If $\;n\in\mathbb{N}\;,\;p_1,p_2,\ldots,p_n>0\;$ and $\;p_1+p_2+\ldots+p_n=1\;,\;$ then $0\le-p_1\ln p_1-p_2\ln p_2-\ldots-p_n\ln p_n\le\ln n\;.$

Could you tell me if my proof is correct?

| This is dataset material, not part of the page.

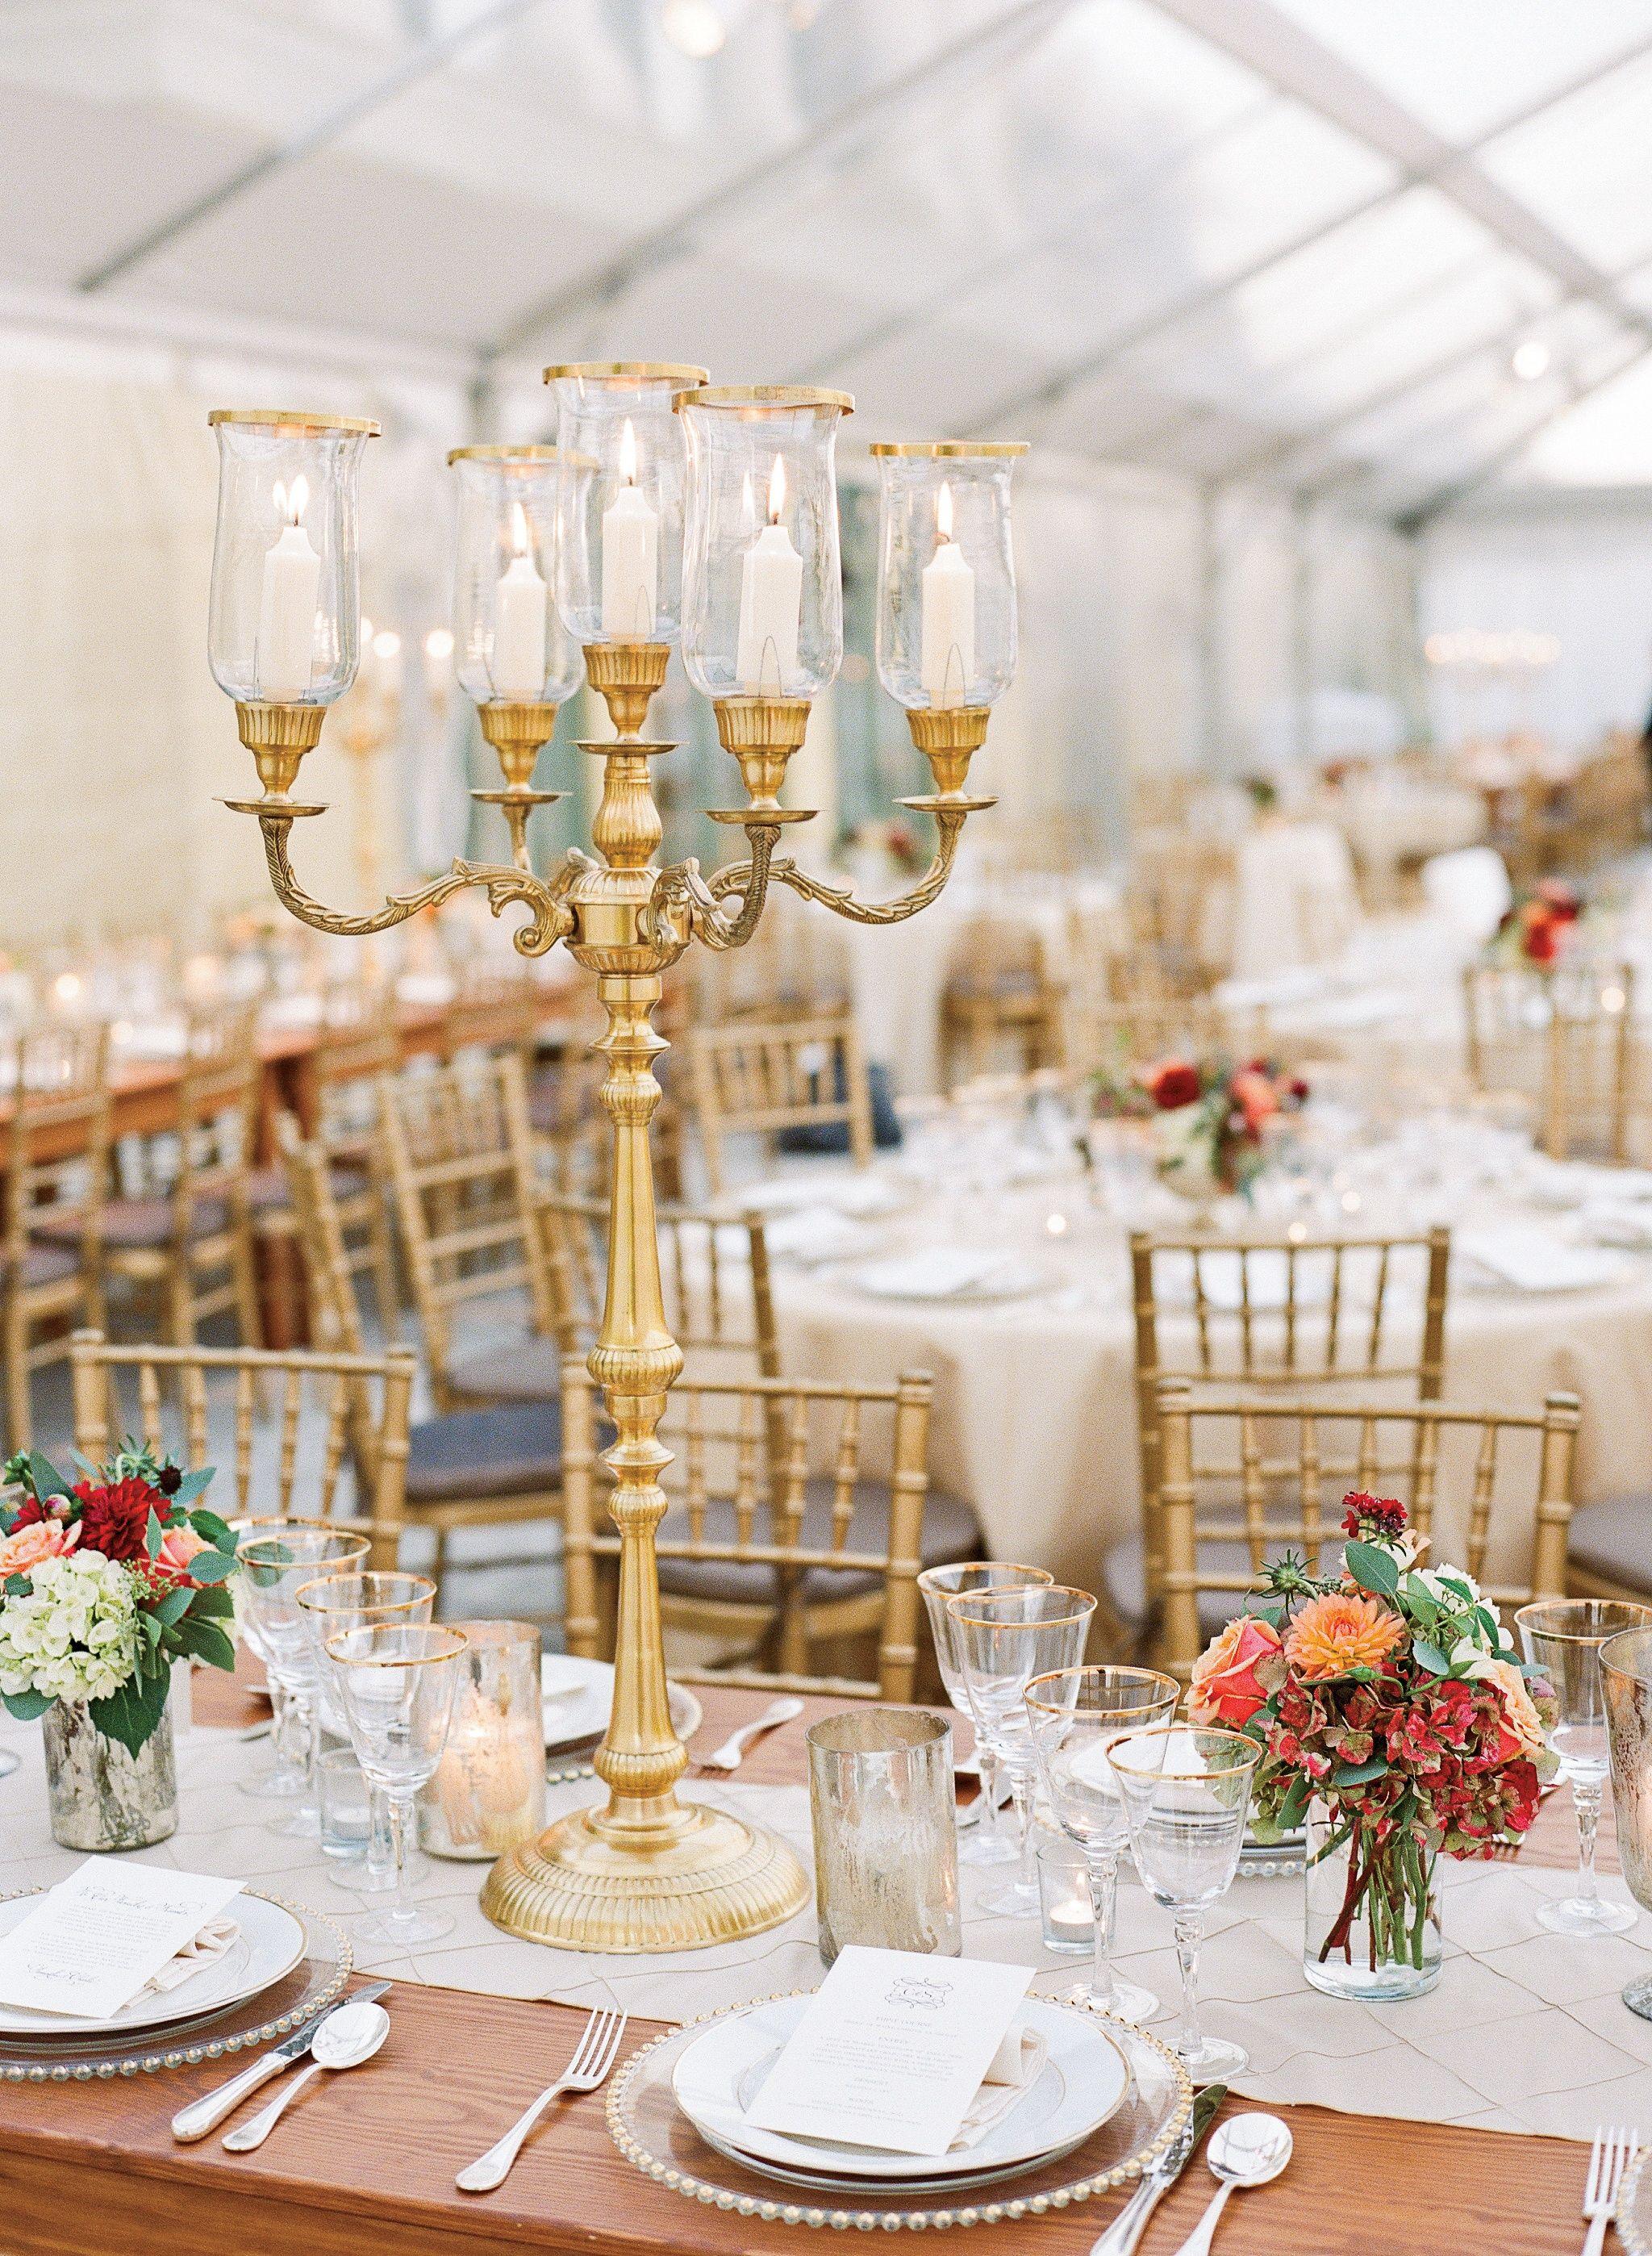 Yacht wedding decorations  Candelabra Centerpieces  Jen Fariello Photography  Theknot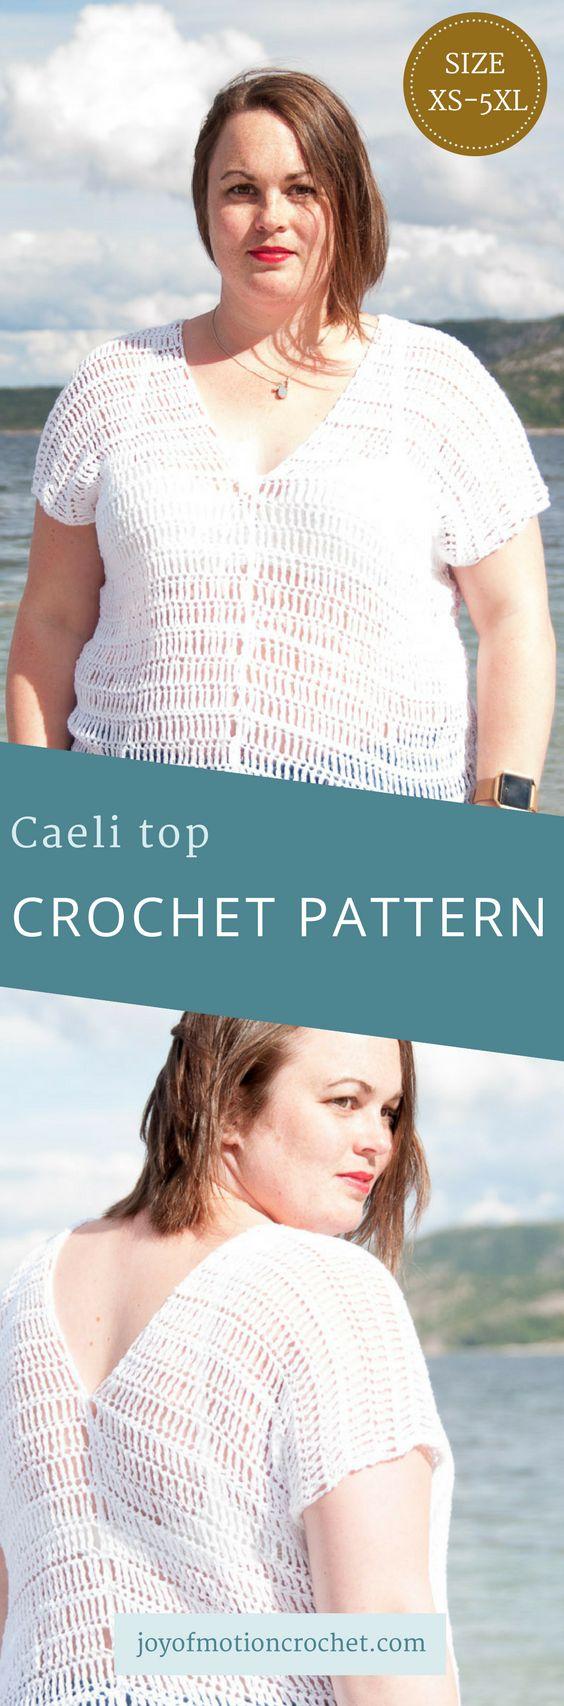 Caeli Top Crochet Pattern. Woman's crochet garment. Crochet Clothing. Summer Crochet Top. Crochet t-shirt. #crochettop #crochetclothing #crochet #crochetpattern #crochettshirt

Is it possible to prove it in a simpler way?

My proof:

Since $\;f(x)=\ln x:\left]0,+\infty\right[\to\mathbb{R}\;$ is a concave function, it follows that

$f(t_1x_1+t_2x_2+\ldots+t_nx_n)\ge t_1f(x_1)+t_2f(x_2)+\ldots+t_nf(x_n)$

for all $\;x_1,x_2,\ldots,x_n\in\left]0,+\infty\right[\;$ and for all $\;t_1,t_2,\ldots,t_n\ge0\;$ such that $\;t_1+t_2+\ldots+t_n=1\;.$

By letting $\;x_i=\dfrac{1}{p_i}\in\left]0,+\infty\right[\;,\;t_i=p_i>0\;$ for any $\;1\le i\le n\;,\;$ we get that

$f\left(p_1\dfrac{1}{p_1}+p_2\dfrac{1}{p_2}+\ldots+p_n\dfrac{1}{p_n}\right)\ge p_1f\left(\dfrac{1}{p_1}\right)+p_2f\left(\dfrac{1}{p_2}\right)+\ldots+p_nf\left(\dfrac{1}{p_n}\right)\;,$

$f\left(n\right)\ge p_1f\left(\dfrac{1}{p_1}\right)+p_2f\left(\dfrac{1}{p_2}\right)+\ldots+p_nf\left(\dfrac{1}{p_n}\right)\;.$


$\ln n\ge p_1\ln\left(\dfrac{1}{p_1}\right)+p_2\ln\left(\dfrac{1}{p_2}\right)+\ldots+p_n\ln\left(\dfrac{1}{p_n}\right)\;,$

$\ln n\ge-p_1\ln p_1-p_2\ln p_2-\ldots-p_n\ln p_n\;,\;$

$\color{brown}{-p_1\ln p_1-p_2\ln p_2-\ldots-p_n\ln p_n\le\ln n}\;.$

Since $\;p_1,p_2,\ldots,p_n>0\;$ and $\;p_1+p_2+\ldots+p_n=1\;,\;$ it results that $\;p_1,p_2,\ldots,p_n\in\left]0,1\right]\;,\;$ hence

$\color{brown}{-p_1\ln p_1-p_2\ln p_2-\ldots-p_n\ln p_n\ge0}\;.$

  • $\begingroup$ On taking exp it is just the weighted AM-GM inequality $\endgroup$ – Albus Dumbledore Nov 28 '20 at 17:09
  • $\begingroup$ Could you write your proof? $\endgroup$ – Angelo Nov 28 '20 at 17:16
  • $\begingroup$ the best way to prove weighted AM-GM is jensen like you did some other proofs are here: en.wikipedia.org/wiki/…. $\endgroup$ – Albus Dumbledore Nov 28 '20 at 17:18

Your proof is correct. I don't see a simpler way than this to prove that.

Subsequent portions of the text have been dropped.